Traveling for the past six weeks, my perspective changed. I admit it had to.
Turkey invited me to share her concern for the changes which may tether liberal thought, as war and politics spread the glue of fear. I knew fear, my novel unaltered for months now. Feeling guilty, I kept mulling but not writing.
Bulgaria surprised me. Although the Cryllic alphabet rested me on shining pearls, I soon began to play with the shapes in an attempt to firm the foundation upon which I stood. Bulgaria emerges rebuilding, reinventing herself; shaking off the Communist drabness.
In five years she will be an elegant lady.
Greece gave me a gem. In a coffee shop on the beach front, I met a young woman. While the locale dripped New Age thinking, feel good quotes, hippy colour and soft music, it felt genuine. At thirty she had tired of working in tourism and sought a new path.
Soon we became engrossed in conversation, one which centred on a fundamental necessity, I believe. Hope.
Looking at the situation in her country she understood a very powerful building block of our existence. By moving out of large hotels, the world revealed itself, offering a chance to spread hope and inspiration. Like a tide it carried her forward.
I sought my tide.
Tackling my inbox, I left the reading of new blog posts to the end. As a writer I have found some like-minded folk whose posts inspire me. A bit destabilized after travelling, I felt the need to re-immerse myself in the fraternity, my new family, a diverse collection of folk; authors.

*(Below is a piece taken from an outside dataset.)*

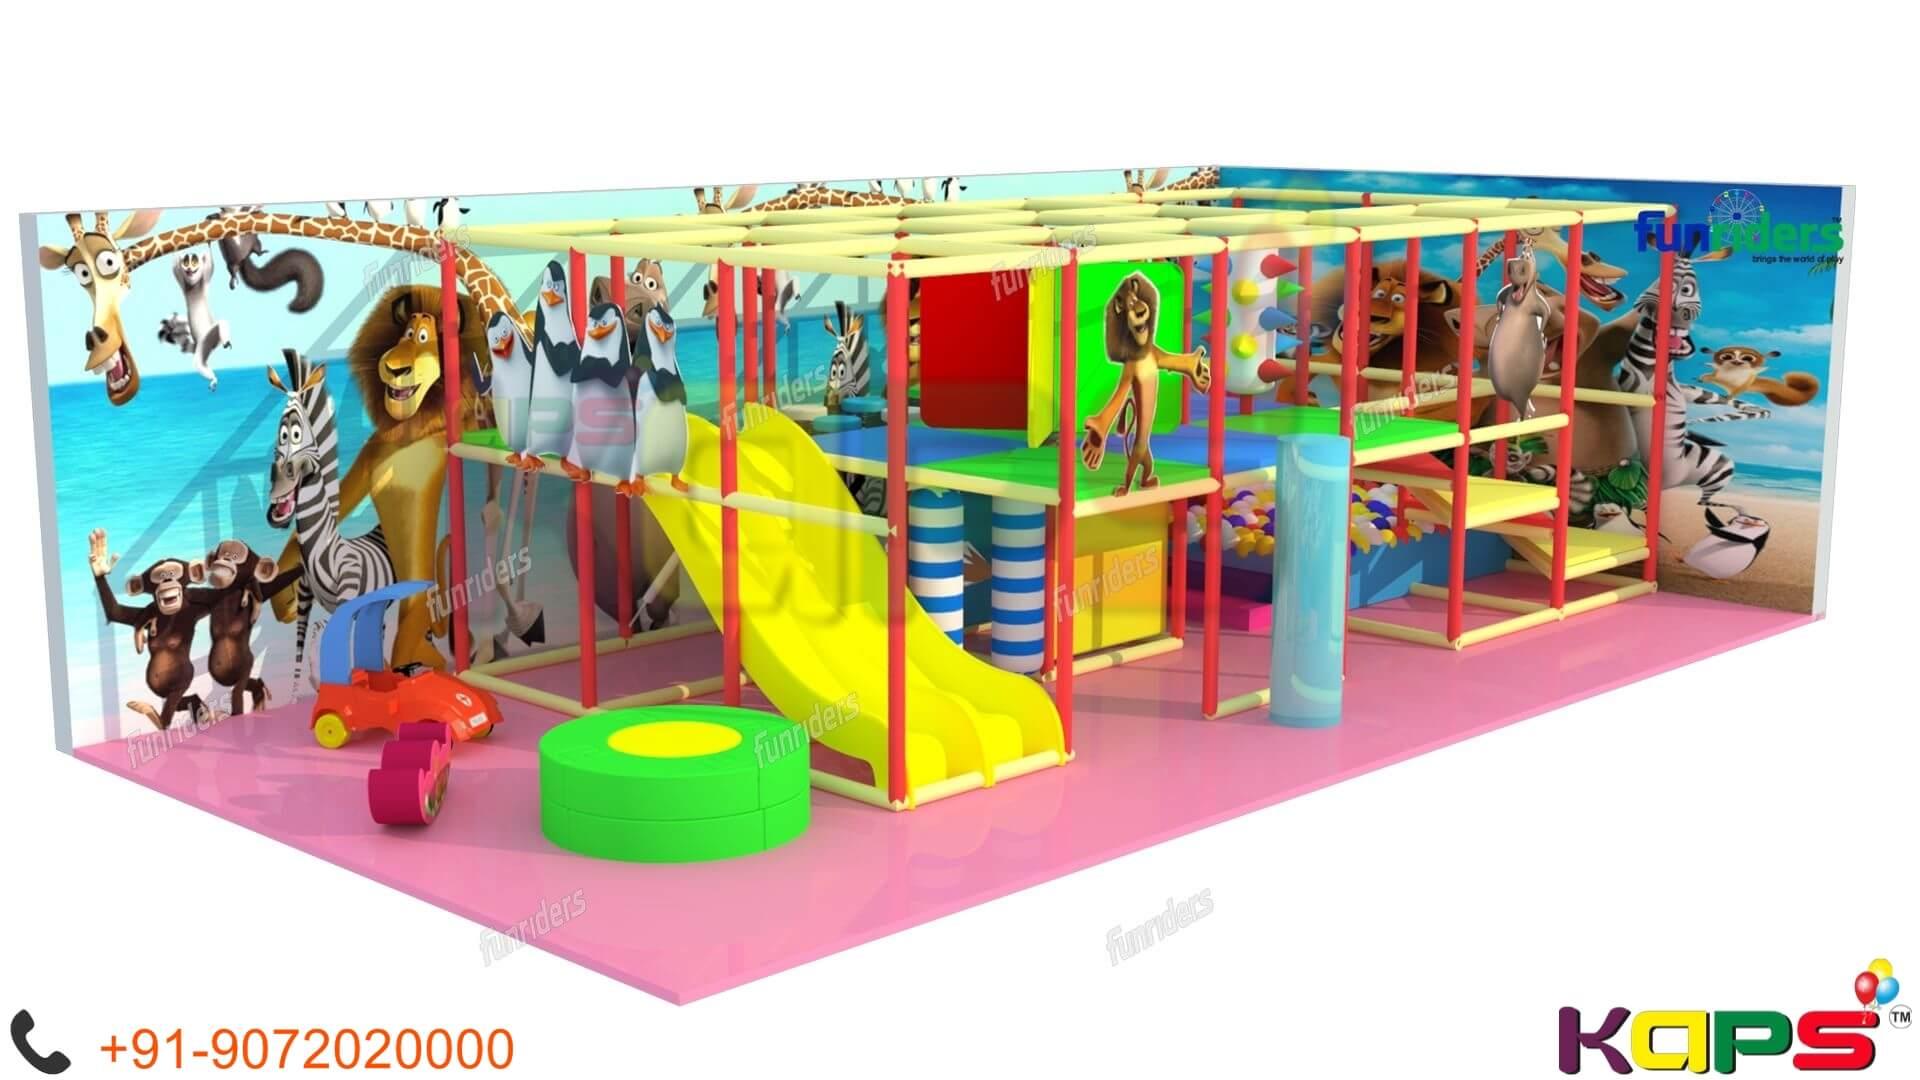 Funriders Indoor Playground Supplier

Writing can be a solitary pursuit, the effect of social isolation on mental health is well documented. Blogs, quotes, images; creativity across the miles create a sense of belonging. Lights on a velvet sky, I fuel my inspiration by reading the experiences of others.
But on this occasion, re-embarking on my second novel again, I needed more. Beginning a new book is always a wonky space; enthusiasm and doubt intertwine, distorting reality. This book required courage and honesty but my feet and my fingers continued to trip me.
Reading blogs, I found others going through the same doubts as I was. Like a day at the beach, soft wisps of clarity cleansed me and the seed of optimism began to sprout; a gentle strength stirred within and my story began knocking at the doorway of my consciousness.
Today is cold and cloudy but the sunrise through the clouds, elated me. After three attempts and three discards, I feel excited by the prospect of beginning to see what I can create this time.
I thank the writers, the bloggers and the artists who honestly write about the process from the inferno to the stars. If you have comments please share.